Do not include the pictures; repeat the rest of the data exactly.

+++ Dataset content

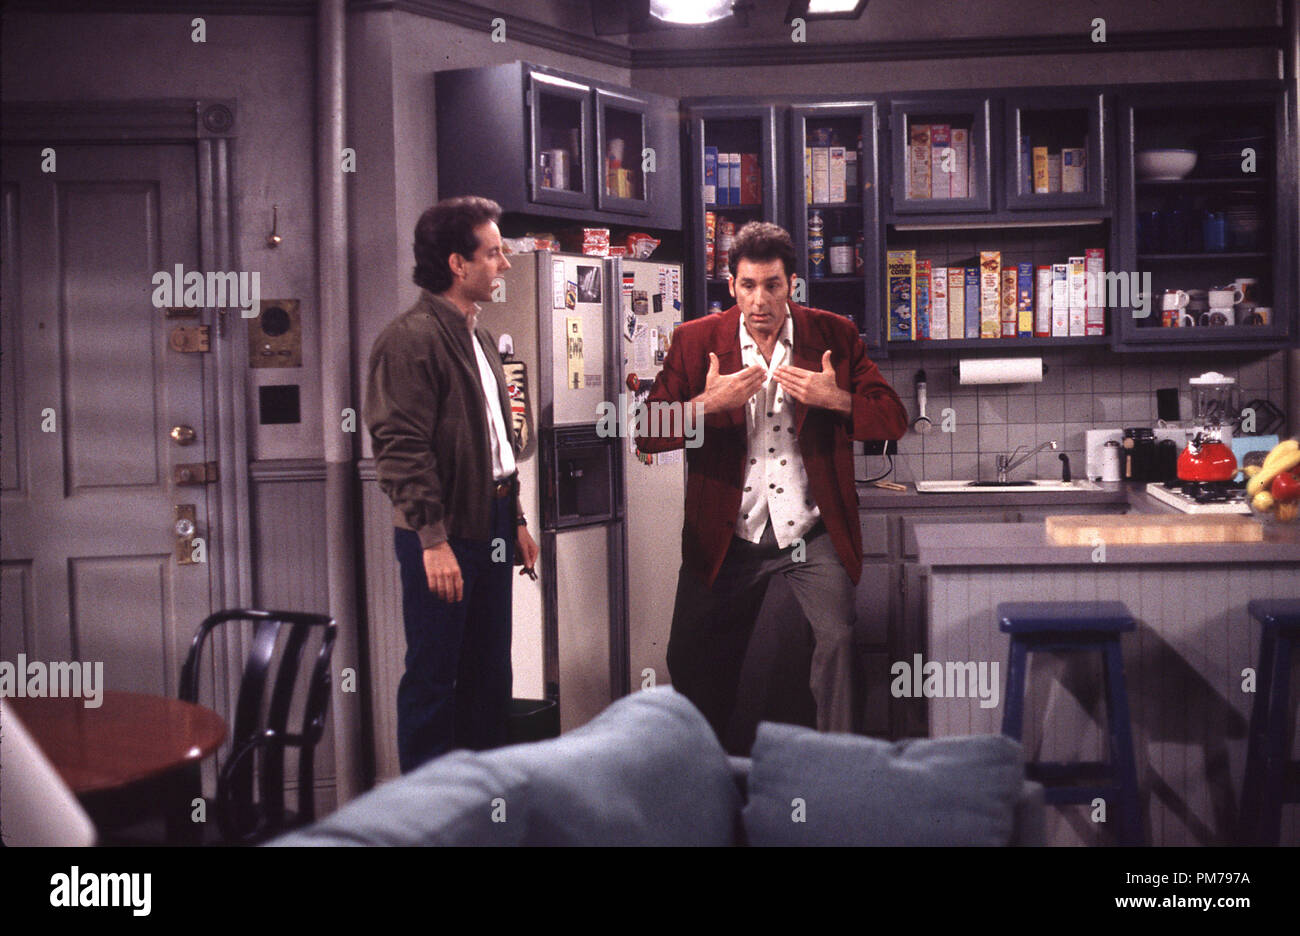 Film Still from 'Seinfeld' Jerry Seinfeld, Michael Richards 1996 Photo Credit: Joey Delvalle   File Reference # 31042269THA  For Editorial Use Only - All Rights Reserved Stock Photo
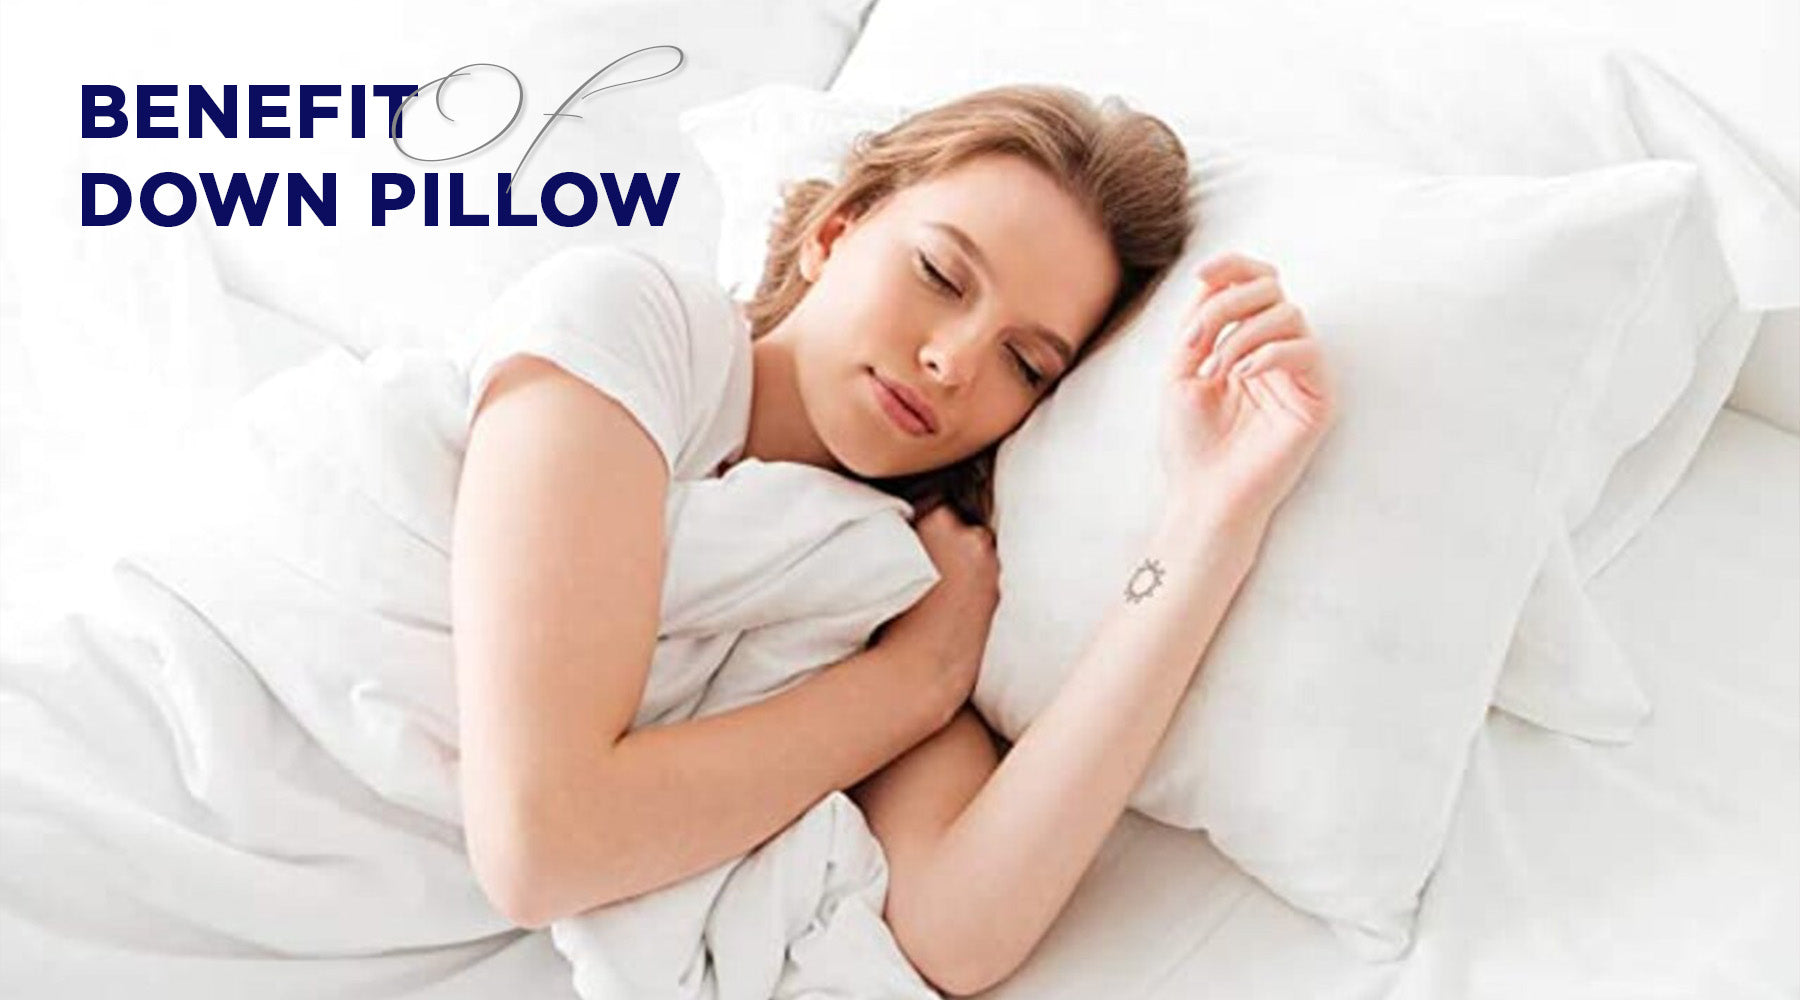 Benefits of Down Pillows: Comfort, Durability, and Health
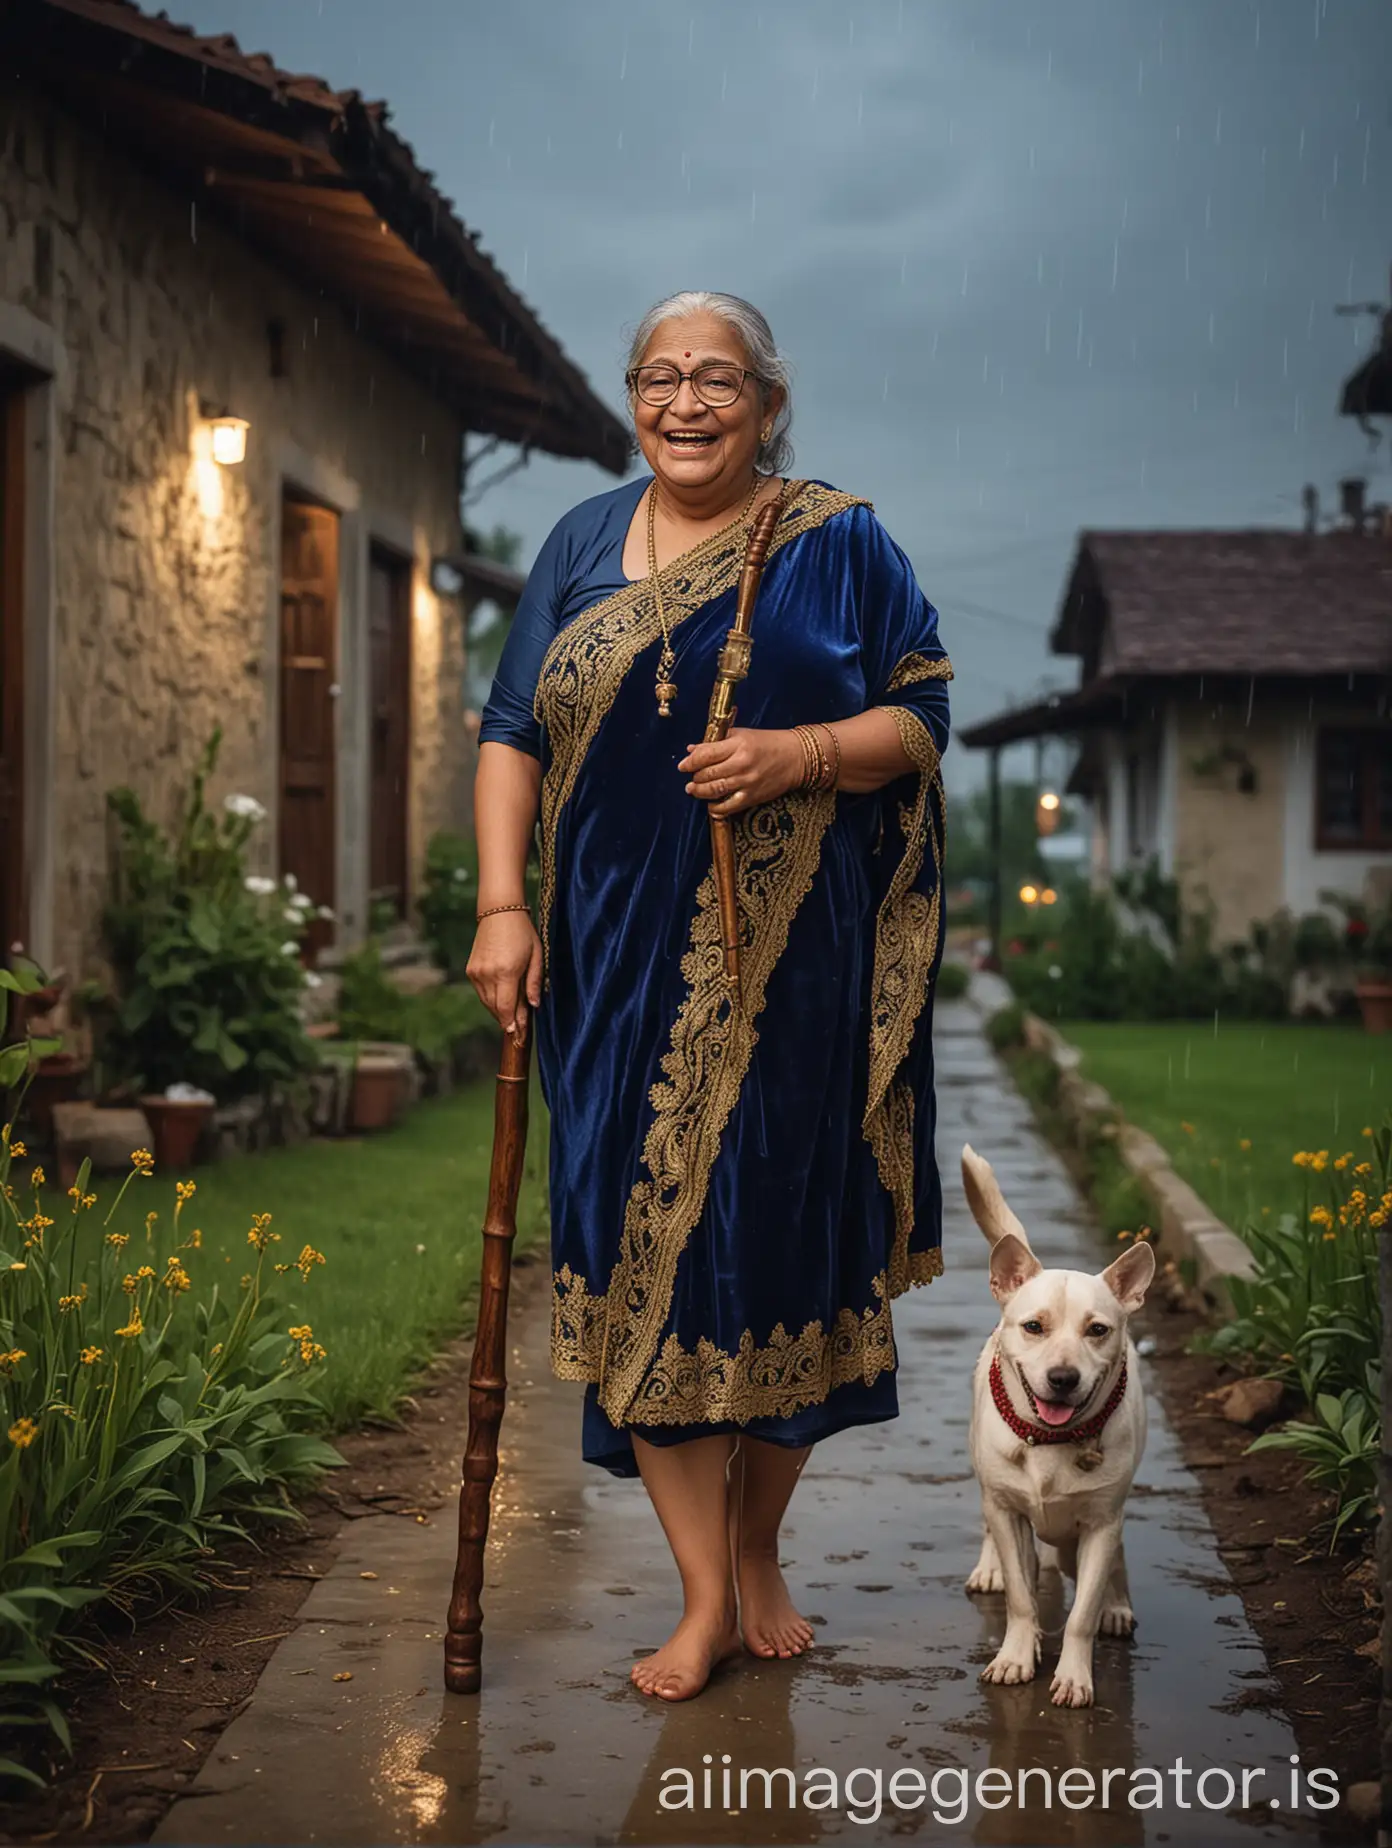 sweet faced old desi very fat woman walking with a wooden walking stick wearing a blue velvet towel on her body and a golden neck lace and a spectacles. she is happy and laughing . she is standing with her dog . its night time and in background there is a luxurious farm house with bulb light and luxurious house with flowers and grass and concrete floor and its raining. she is wearing golden sleepers on feet.

++++++

Answer box:
 Film Still from 'Seinfeld' Jerry Seinfeld, Michael Richards 1996 Photo Credit: Joey Delvalle   File Reference # 31042269THA  For Editorial Use Only - All Rights Reserved Stock Photo
 Benefits of Down Pillows: Comfort, Durability, and Health
 sweet faced old desi very fat woman walking with a wooden walking stick wearing a blue velvet towel on her body and a golden neck lace and a spectacles. she is happy and laughing . she is standing with her dog . its night time and in background there is a luxurious farm house with bulb light and luxurious house with flowers and grass and concrete floor and its raining. she is wearing golden sleepers on feet.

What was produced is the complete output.